The easiest solution is to look at the fourth set of I/O thread
conversion/SACK table expansion patches that didn't get applied[2] and take
from it those patches that move call connection and disconnection into the
I/O thread. Moving these things into the I/O thread means that the
sequencing is managed by all being done in the same thread - and the race
can no longer happen.

This is preferable to introducing adding an extra lock as adding an extra
lock would make the I/O thread have to wait for the app thread in yet
another place.

The changes can be considered as a number of logical parts:

(1) Move all of the call state changes into the I/O thread.

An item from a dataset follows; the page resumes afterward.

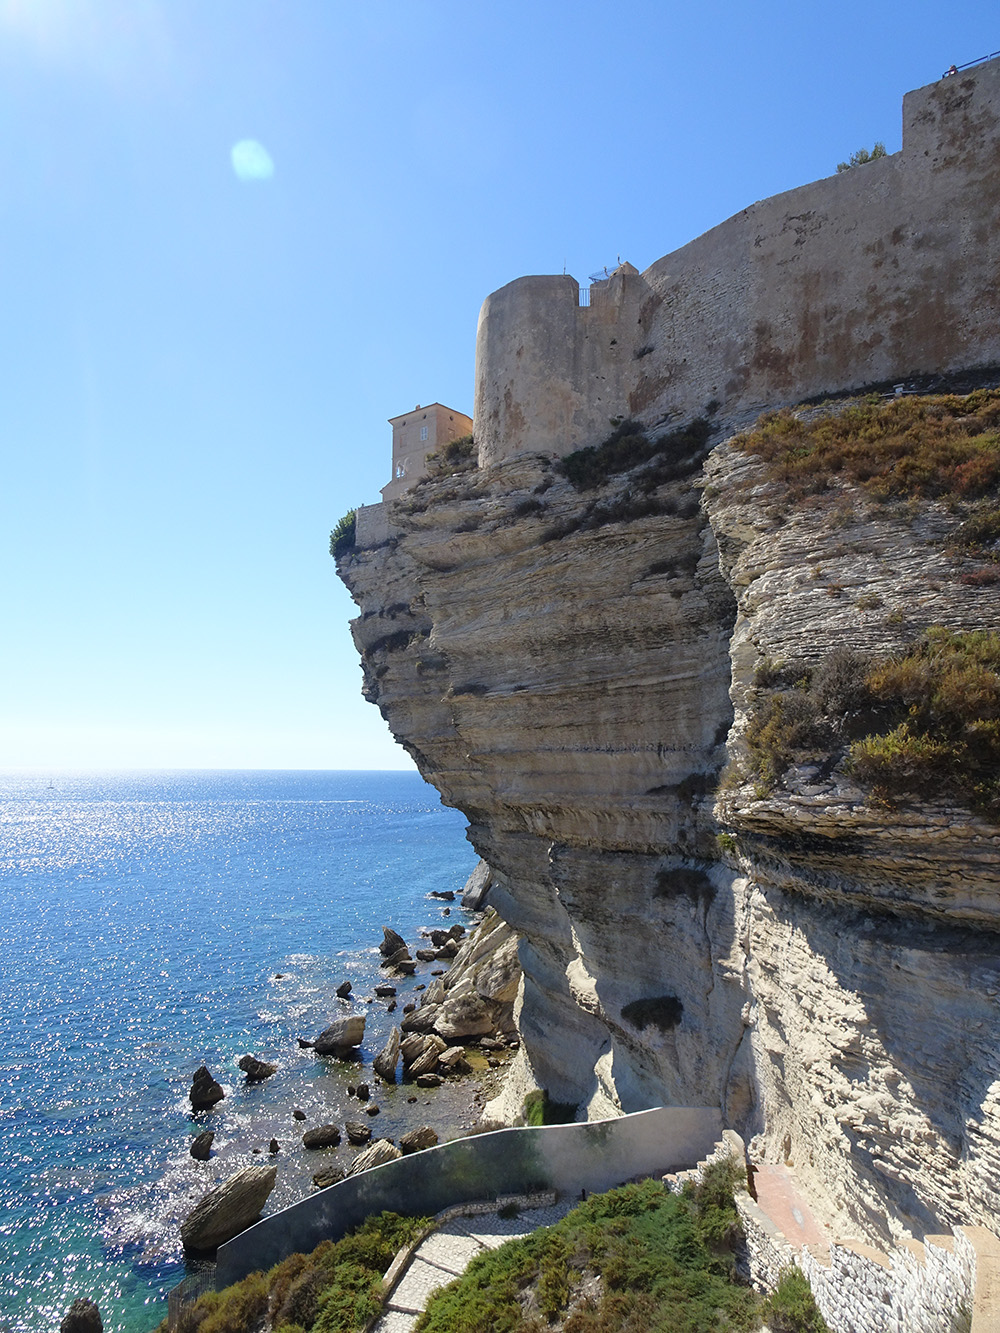 De befaamde rots van Bonifacio

(2) Make client connection ID space per-local endpoint so that the I/O
thread doesn't need locks to access it.

(3) Move actual abort generation into the I/O thread and clean it up. If
sendmsg or recvmsg want to cause an abort, they have to delegate it.

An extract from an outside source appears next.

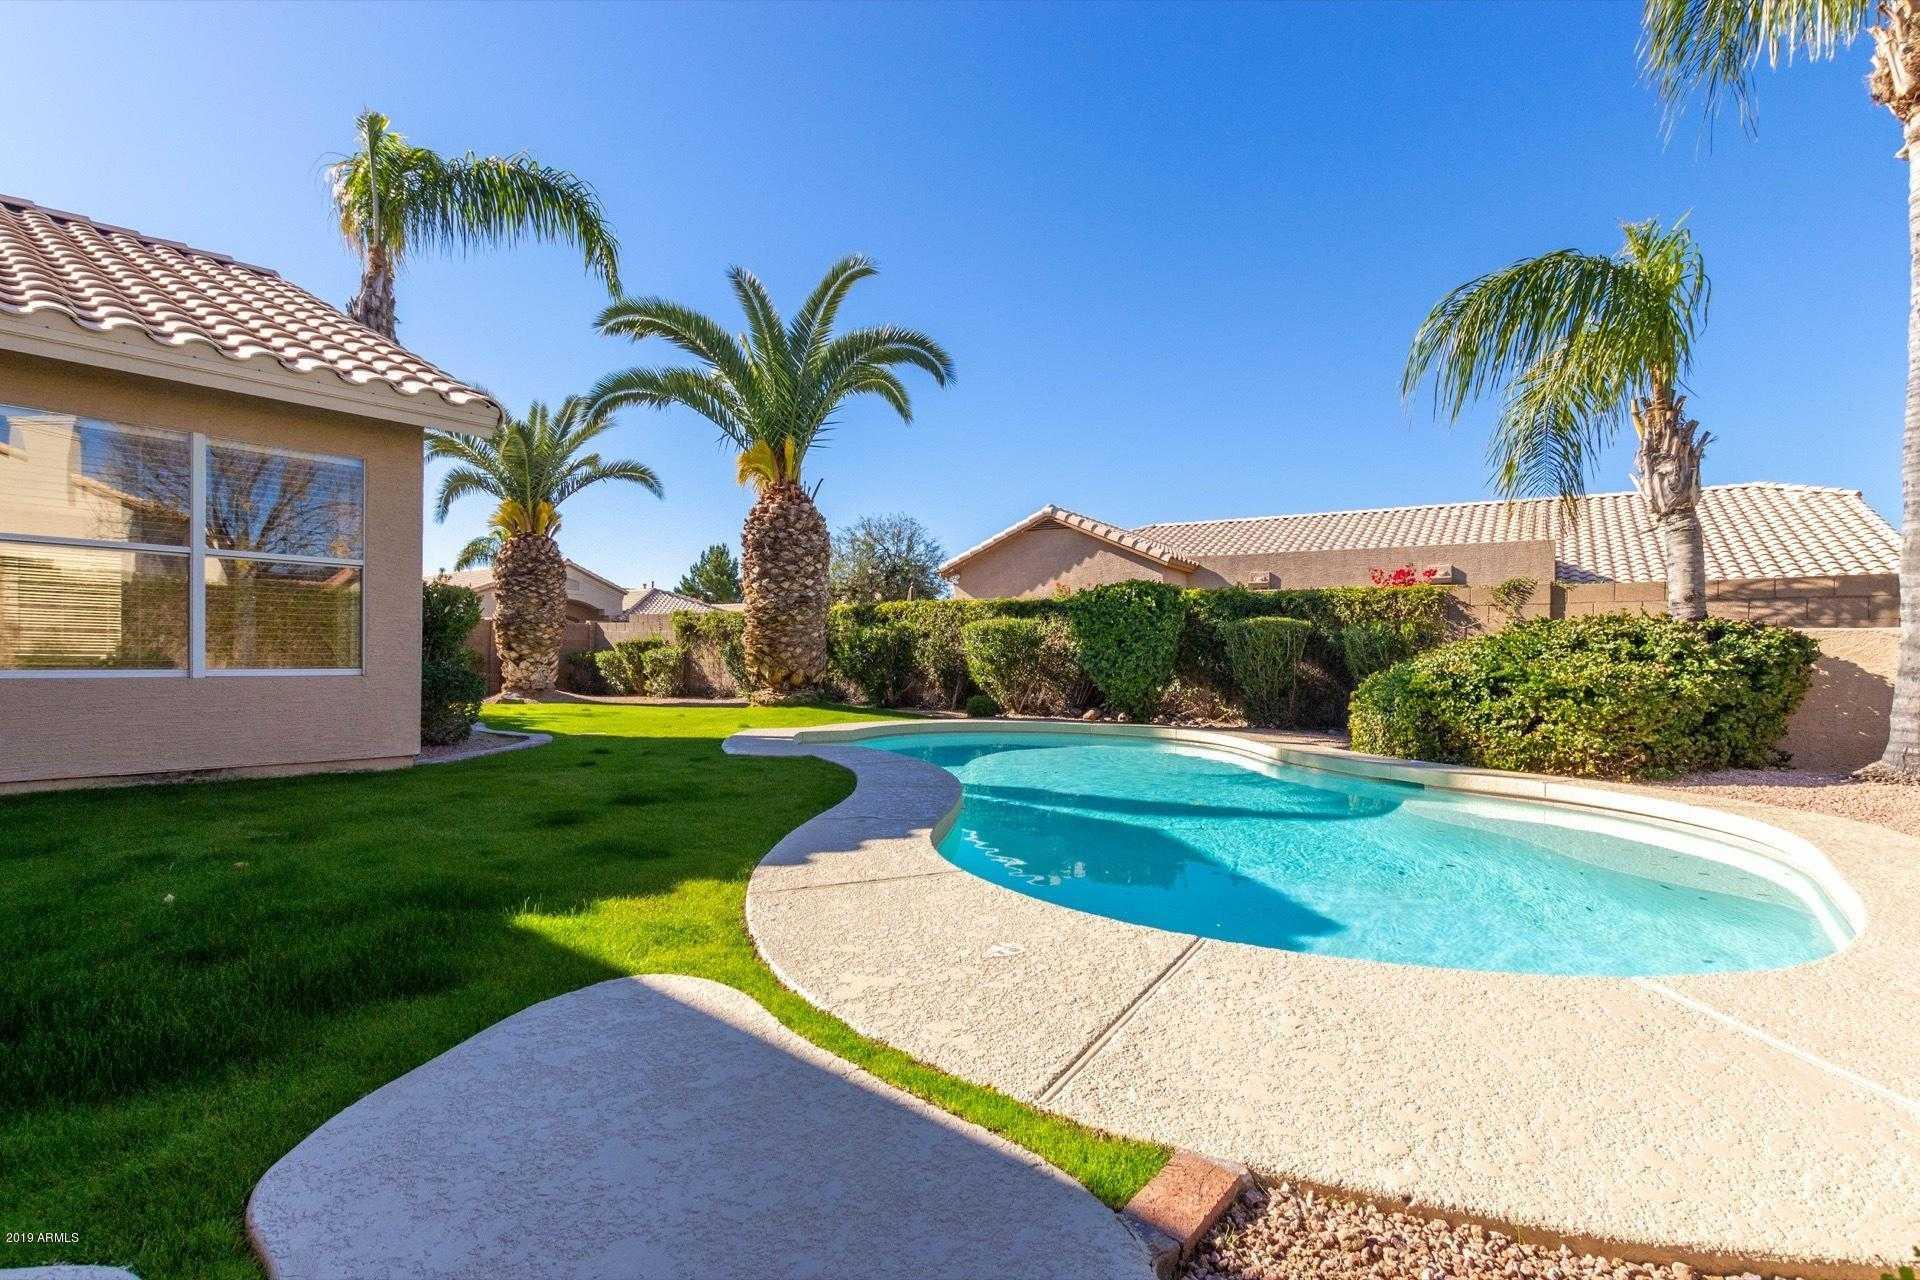 $421,000 - 4Br/2Ba - Home for Sale in Arrowhead Ranch, Glendale

(4) Offload the setting up of the security context on a connection to the
thread of one of the apps that's starting a call. We don't want to be
doing any sort of crypto in the I/O thread.

(5) Connect calls (ie. assign them to channel slots on connections) in the
I/O thread. Calls are set up by sendmsg/kafs and passed to the I/O
thread to connect. Connections are allocated in the I/O thread after
this.

(6) Disconnect calls in the I/O thread.

Note that whilst this fixes the original syzbot bug, another bug may get
triggered if this one is fixed:

INFO: rcu detected stall in corrupted
rcu: INFO: rcu_preempt detected expedited stalls on CPUs/tasks: { P5792 } 2657 jiffies s: 2825 root: 0x0/T
rcu: blocking rcu_node structures (internal RCU debug):

It doesn't look this should be anything to do with rxrpc, though, as I've
cut the RCU usage to the minimum, there aren't any missing rcu_read_locks
or unlocks that I can see and the test doesn't use the rxrpc procfiles. It
may be being caused by the tunnelling setup that the syzbot test does, but
there's not enough info to go on. It also seems unlikely to be anything to
do with the afs driver as the test doesn't use that.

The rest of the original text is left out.